Monday 23 March 2009

Do You Control Your Thoughts? Enjoying the Spirit of Inquiry

Editor's Note: This post contains affiliate links. Linda Clement only ever shares links to books she has read and believes are of value. No authors have been harmed in the sharing of these recommendations...

I've been reading Byron Katie lately... I read her personal story of coming to her method probably nearly 20 years ago, but never thought to see if she'd written anything at the time....

http://amzn.to/2tBZc8M




Nevertheless: I'm currently reading I Need Your Love... is that true? 




and I just finished Who Would You Be Without Your Story? both of which I found fascinating and hard to put down. They reinforce things I've known for a long time, but don't really live and often forget entirely. 
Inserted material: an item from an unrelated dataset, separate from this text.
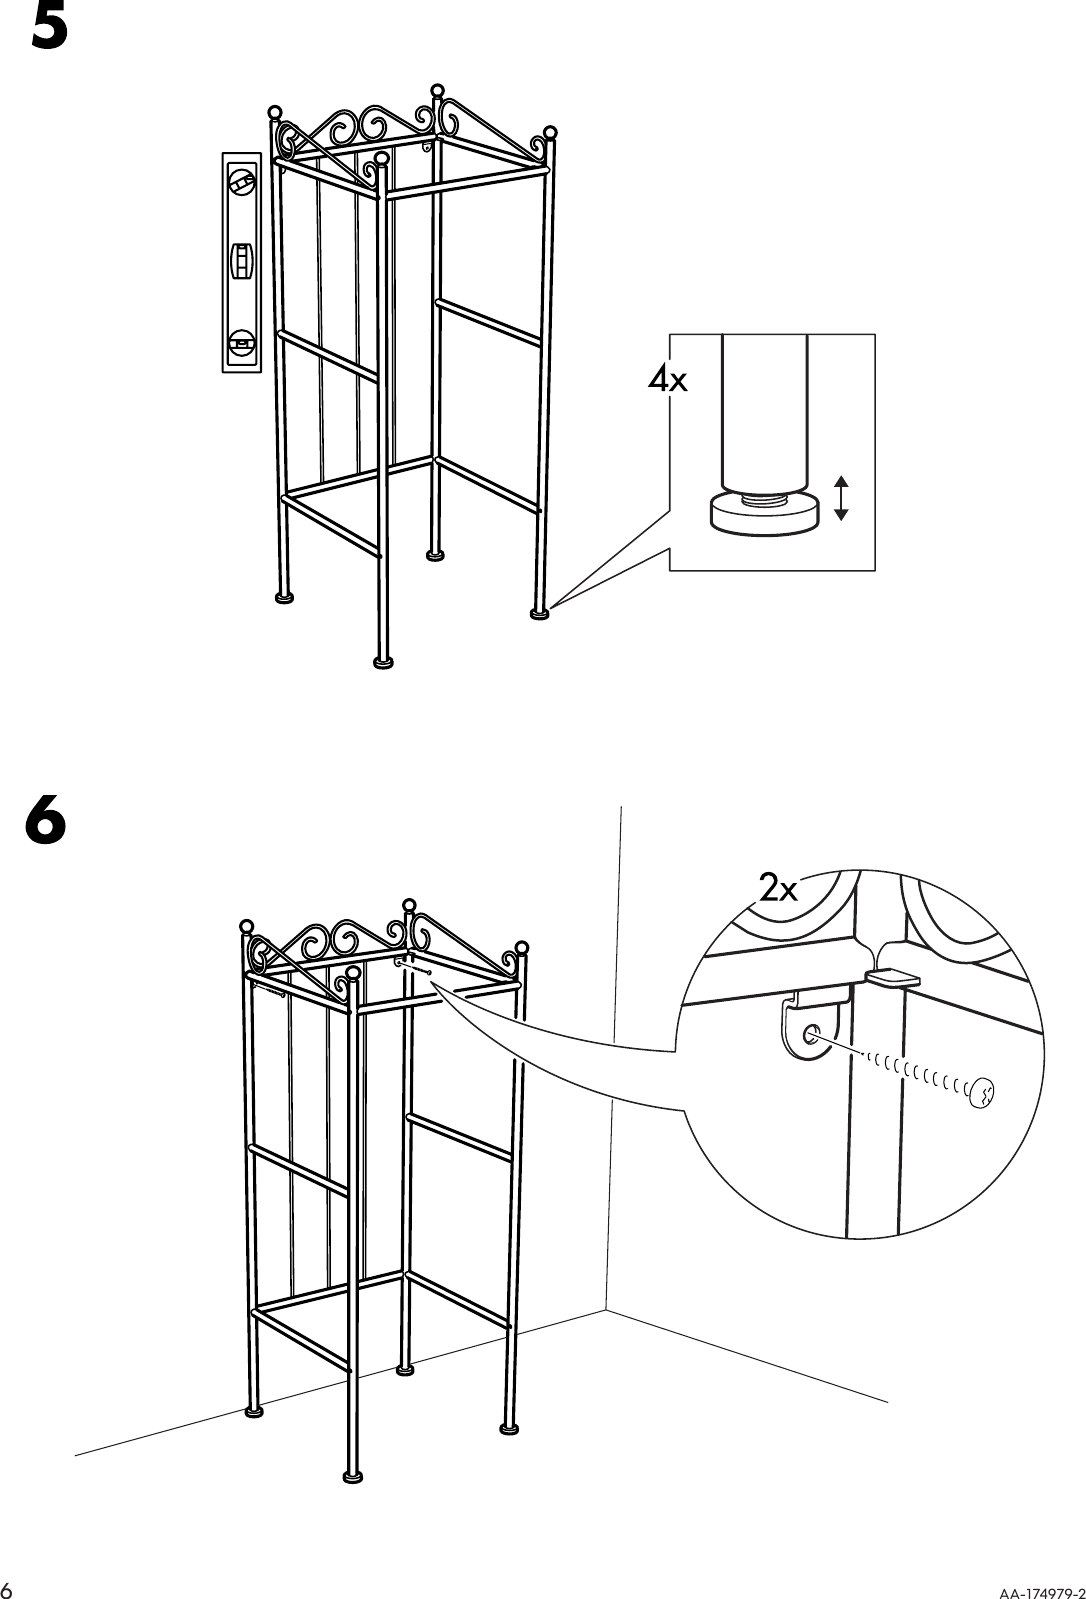 Page 6 of 8 - Ikea Ikea-Rannskar-Shelving-Unit-17X41-Assembly-Instruction

Hilariously, I had just finished a book recommended by my coach (The Art of Possibility by Rosamund Stone Zander and Ben Zander), which reinforces exactly the same things. Then, about two days after I finished the last of them, I found an article in an Oprah magazine about why goal setting often doesn't work... which repeats the theme.


I love synchronicity!


What I Know
  • people (me included) are wrapped up in their thinking far more than they are engaged in what is really happening at any given moment
  • everything I believe about the world is a result of two things: my perception and my beliefs (thoughts) about my perceptions

  • there is no way to find out if another person experiences their world in the same way I do -- no way to find out if when I say 'that's yellow' and they agree if they see the same colour I do... everyone's brains construct 'reality' alone, and while we can agree on the labels there is no way to know if our brains share the perceptions

  • people's motives are always for the best -- no one gets up in the morning intending to mess up anyone's life, including their own, even if that is what happens throughout the day

1 comment:

  1. That is all positively Buddhist! Well said. Now I'll have to look into reading the books you mentioned.